As a practical matter, continuous papermaking processes are preferred. Processes which
lend themselves to the practice of this step are described in many references such
as U.S. Pat. No. 3,301,746 issued to Sanford and Sisson on Jan. 31, 1967, and U.S.
Pat. No. 3,994,771 issued to Morgan and Rich on Nov. 30, 1976, both incorporated herein
by reference. The first foraminous member is a fourdrinier wire.
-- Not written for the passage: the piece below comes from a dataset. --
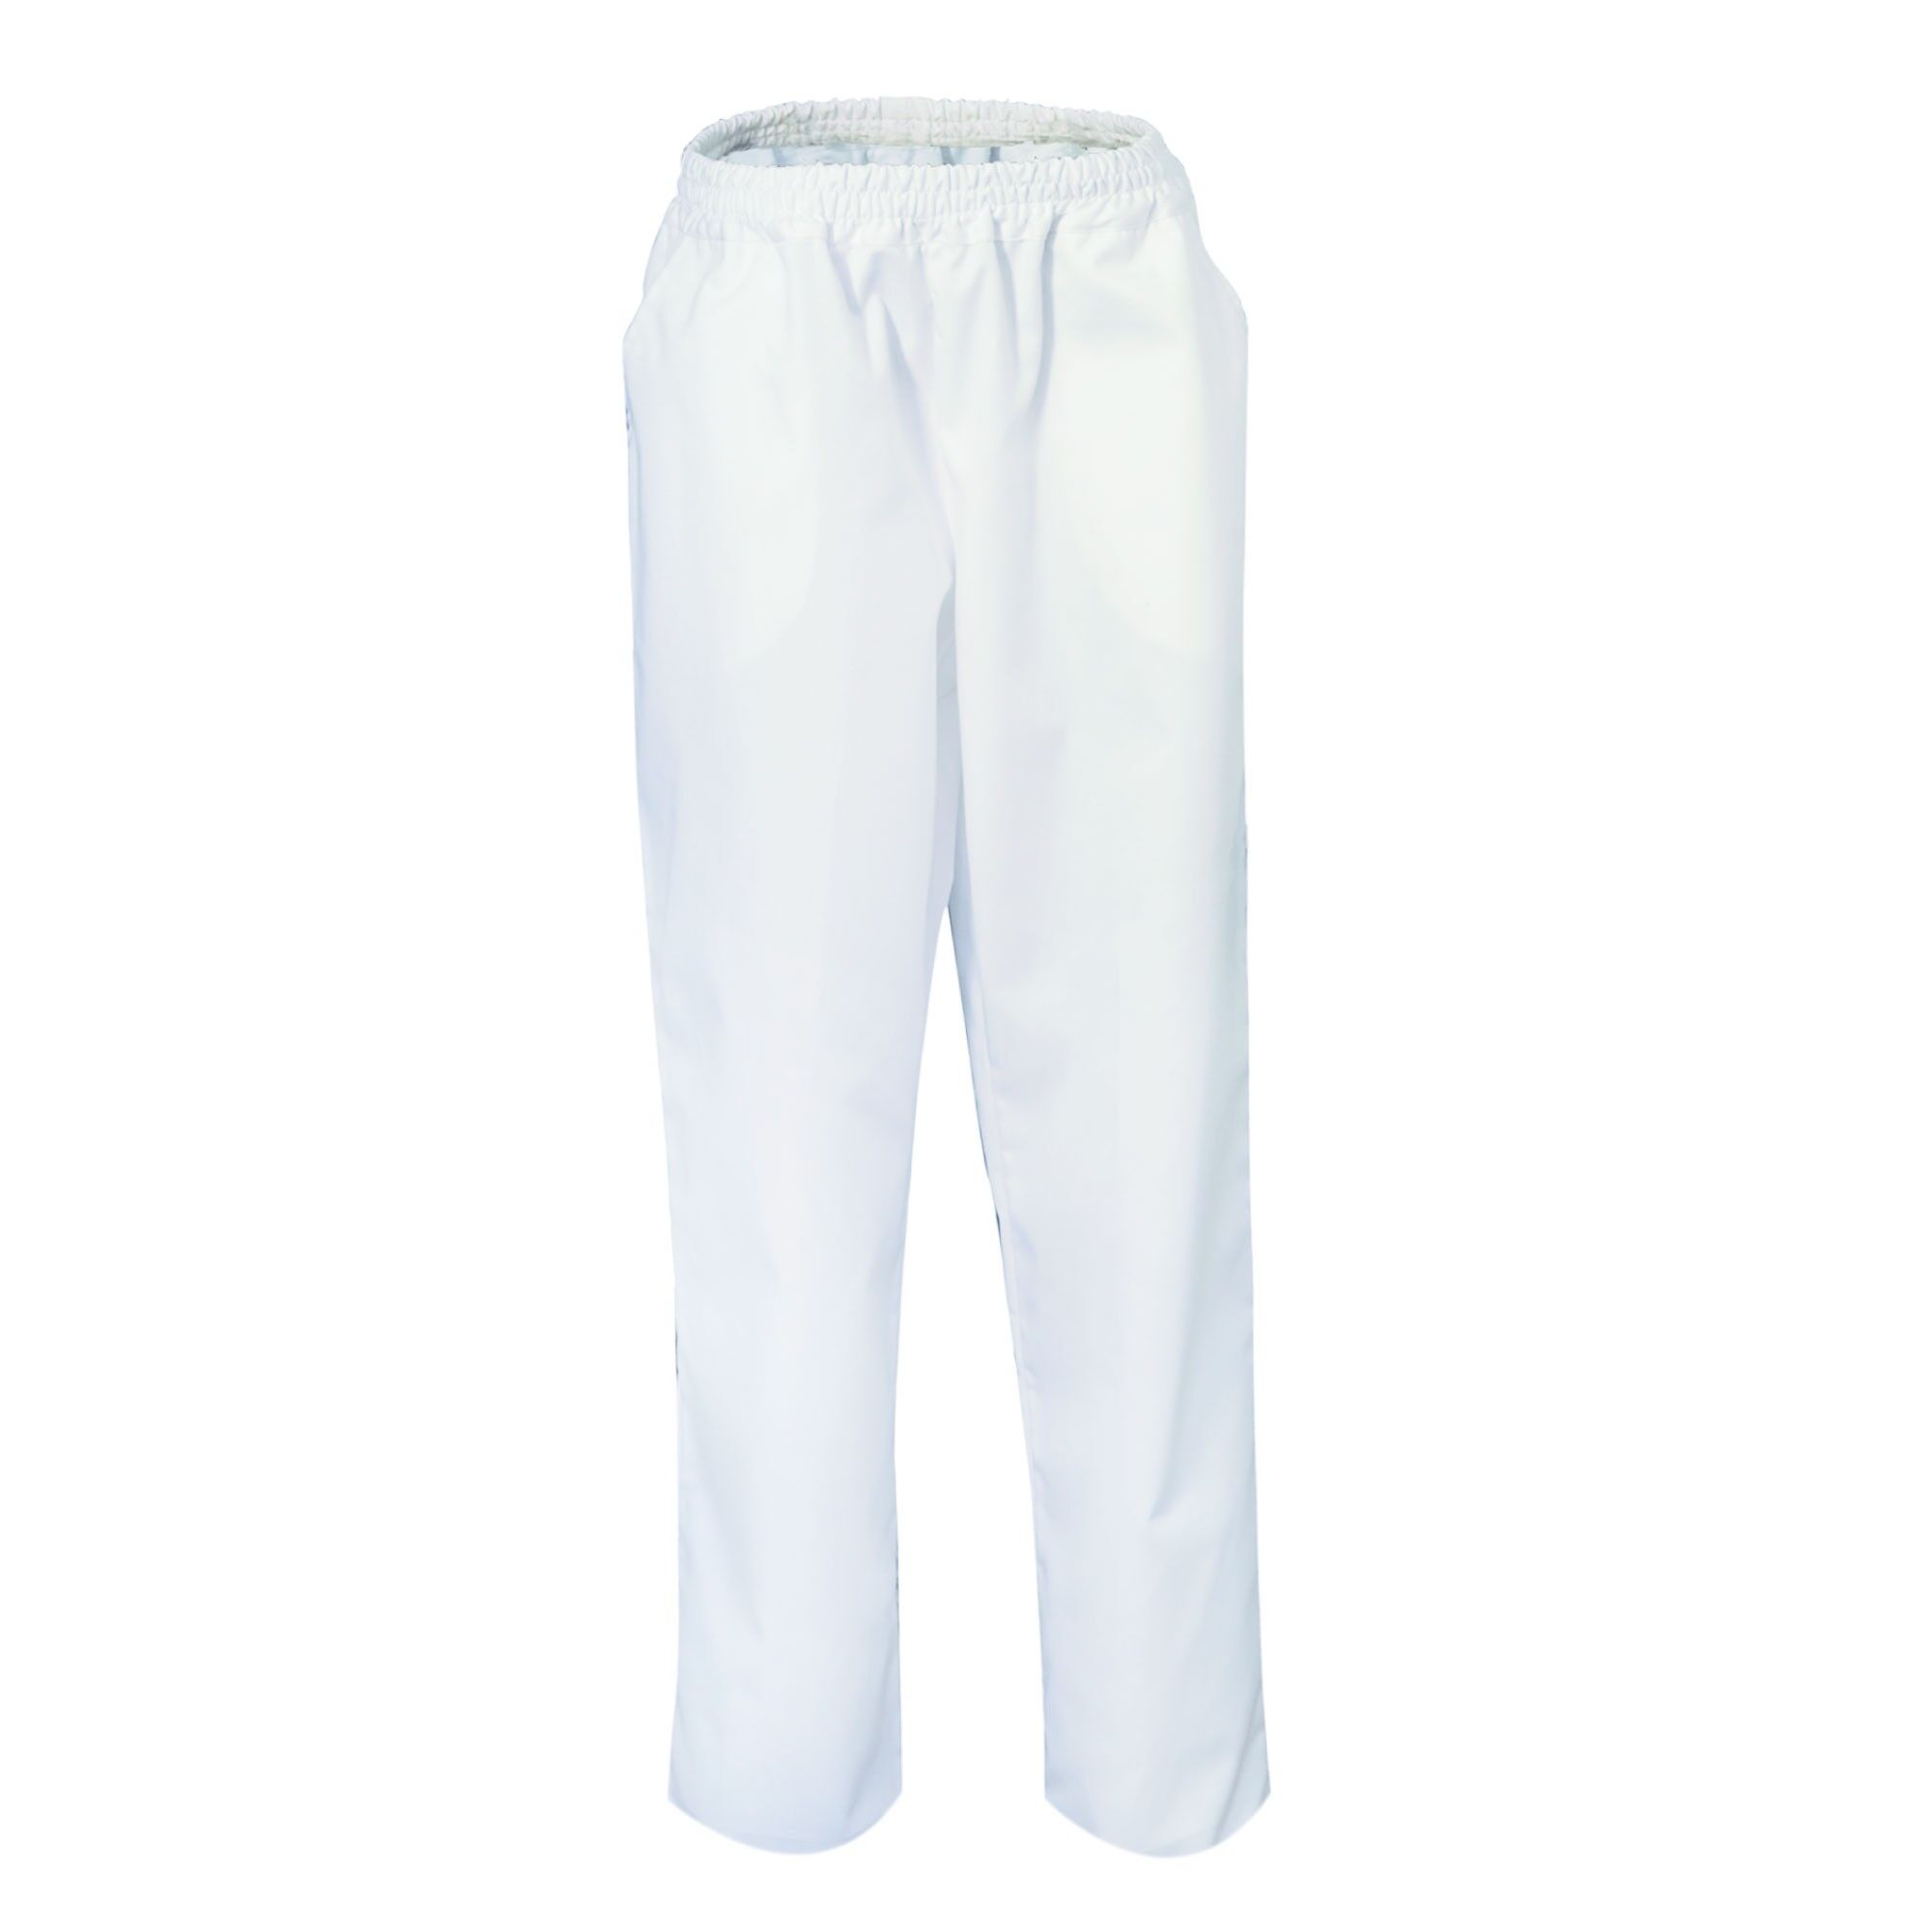 Buy wholesale SELF-DISINFECTANT Unisex Sanitary Pants | Size S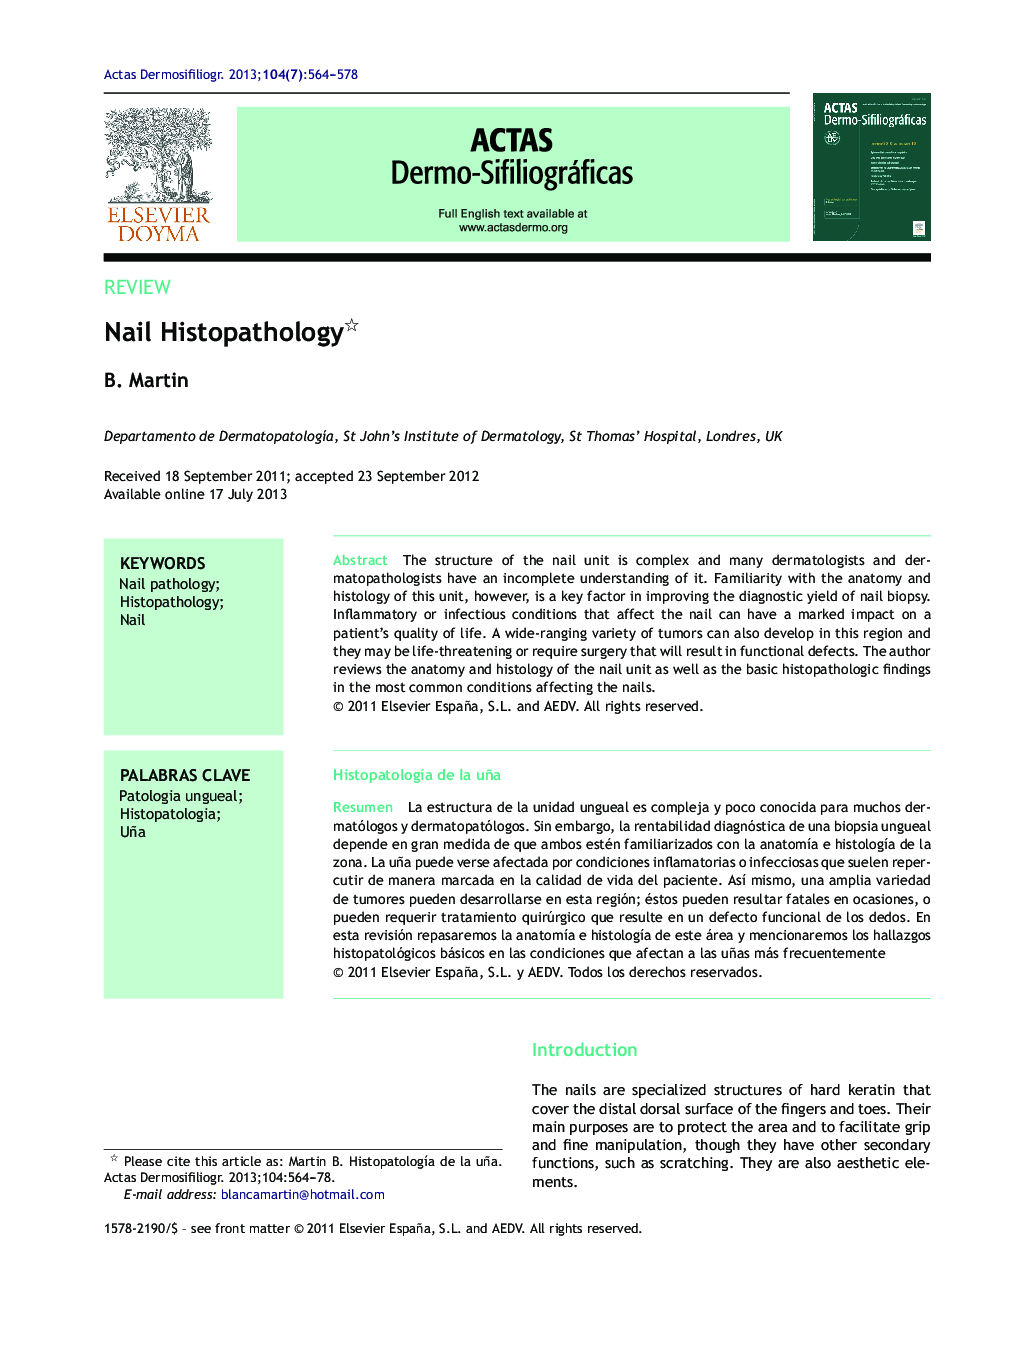 Nail Histopathology

[0079] The third step is associating the embryonic web with a second foraminous member (a
"deflection member") which is a continuous belt. The second foraminous member has
one surface, the embryonic web-contacting surface, which comprises a macroscopically
monoplanar network surface which is continuous and patterned and which defines within
the second foraminous member a plurality of discrete, isolated, deflection conduits
(See Figs. 11 and 12). The deflection conduits are continuous passages connecting
the embryonic web-contacting surface with the opposite surface of the deflection member.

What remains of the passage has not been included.